В обществе этих литераторов Федор Достоевский, происходивший из разночинцев, несомненно, чувствовал себя некомфортно. Худородность – по тем аристократическим временам, когда разночинная молодежь еще только начинала осваивать русскую литературную сцену, была болезненным для самолюбивого человека фактом его биографии. Сознание своей социальной незначительности – один из психологических парадоксов личности Достоевского. Скорее всего именно это обстоятельство явилось в молодости причиной застенчивости и сопутствующей ей чрезмерной амбициозности молодого писателя. Когда:
Из убогой обстановки Марьинской больницы, из замкнутого мирка Инженерного замка, из бедности и неизвестности, болезненно-самолюбивый литератор вдруг попадает в «высший свет» [МОЧУЛЬСКИЙ. С. 378],
– он буквально опьянен очарованием своих новых друзей. С каким, например, пиететом молодой Достоевский описывает свою первую встречу с Тургеневым:
Но, брат, что это за человек! Я тоже едва ль не влюбился в него. Поэт, талант, красавец, богач, умен, образован, 25 лет – я не знаю, в чем природа отказала ему [ФМД-ПСС. Т. 28. С. 115].

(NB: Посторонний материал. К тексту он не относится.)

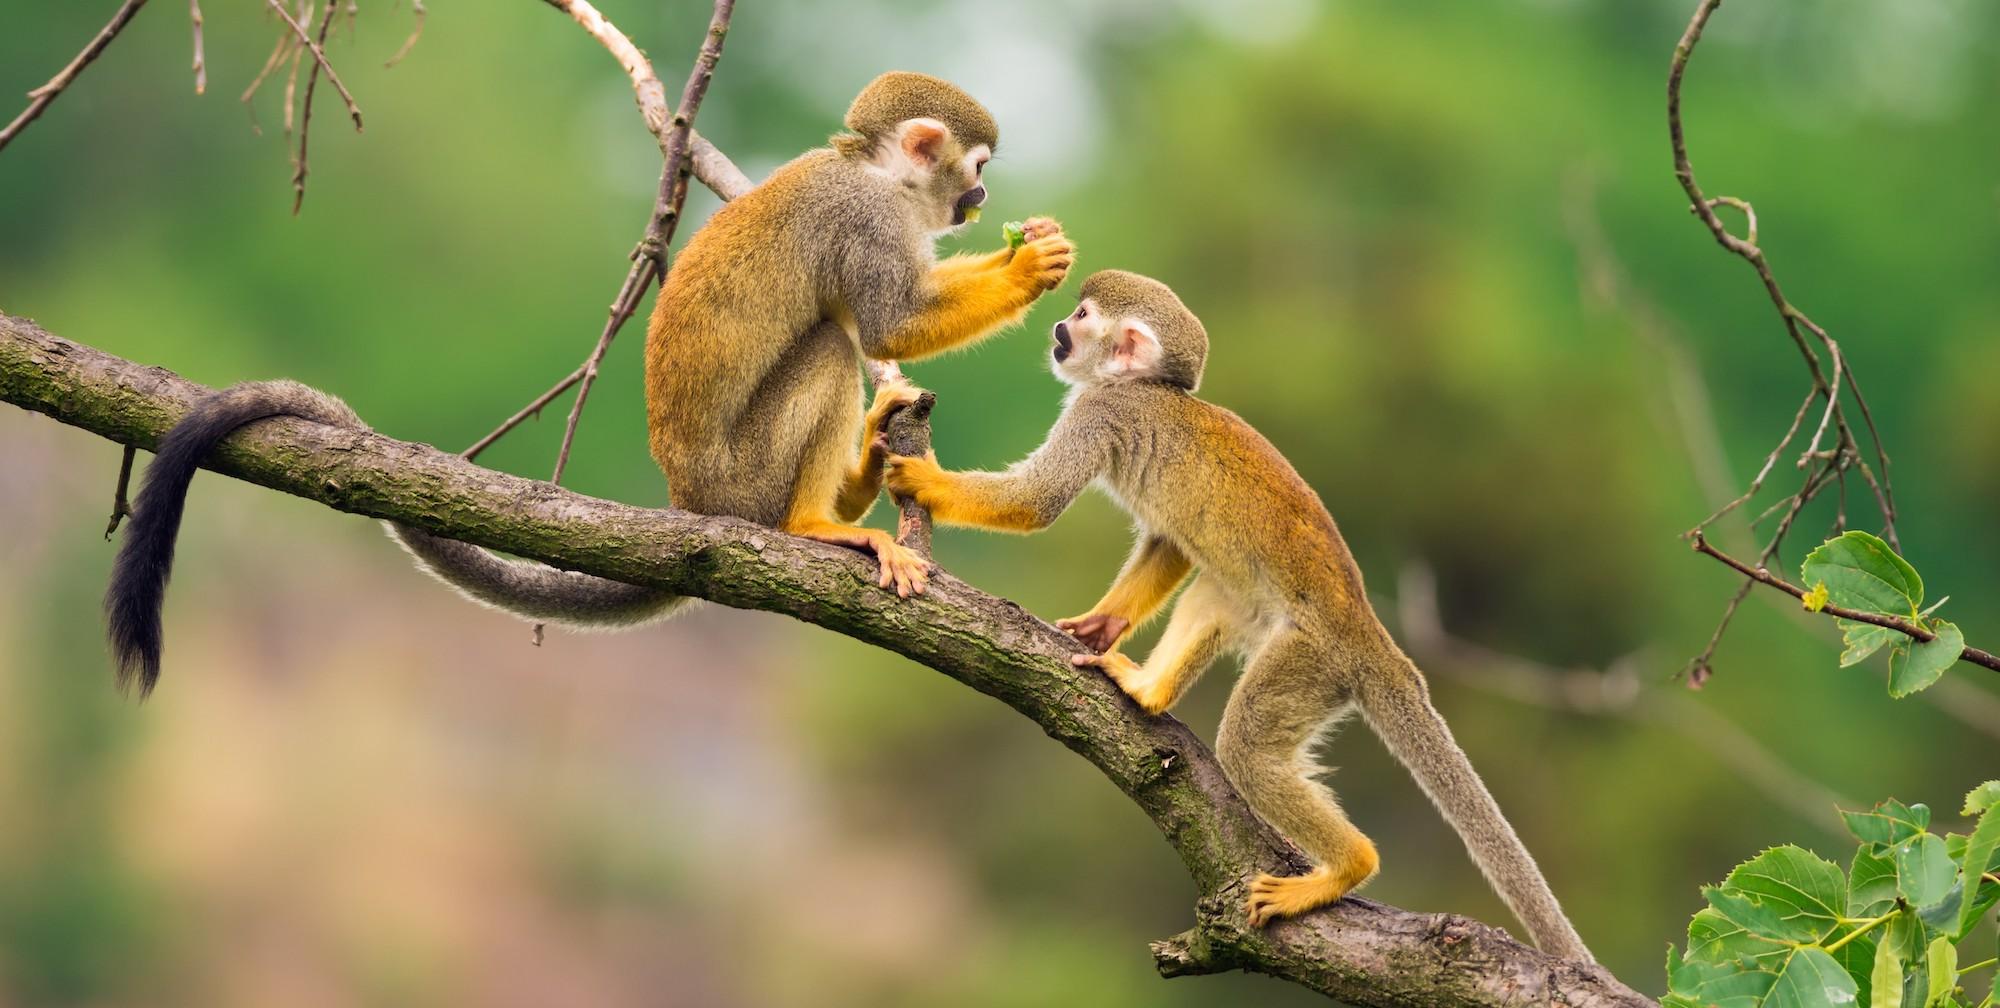 Peru travel guide: Amazon Jungle wildlife detail

Примечательно, что именно богатство и аристократизм Тургенева поражают малообеспеченного разночинца Достоевского[20] в первую очередь. Как начинающий литератор он вдохновлен тем, что его дарование может открыть ему двери в избранные литературные салоны, приобщить к культурной элите. Разочарование, последовавшее за этим, общеизвестно. Достоевскому пришлось жестоко поплатиться за наивную веру в то, что ум и талант позволят обеспечить разночинному литератору почетное место в тогдашнем аристократическом по своему статусному состоянию русском литературном сообществе. Как уже отмечалось, он быстро стал предметом насмешек со стороны собратьев по перу. И если Белинский и Некрасов исходили из чисто человеческого неприятия заносчивости Достоевского, которую он демонстрировал в обществе, то высокомерная ирония Тургенева, Панаева, Сологуба включала в себя, несомненно, еще и сословную неприязнь литературной аристократии к разночинцу, вознамерившемуся занять равноправное с ними положение на российском литературном Олимпе. Урок был жестоким и Достоевский запомнил его на всю жизнь, компенсируя в зрелые годы, когда он уже «достиг апогея своей славы, – славы, может быть, не вполне хвалебной, но очень громкой всероссийской»[21], свои былые унижения жесткой критикой «помещичьей литературы» – см., например, его письмо Н. Страхову от 18/30 мая 1871 г. [ФМД-ПСС. Т.29. С. 216], и злейшей пародией на Тургенева в своем романе «Бесы».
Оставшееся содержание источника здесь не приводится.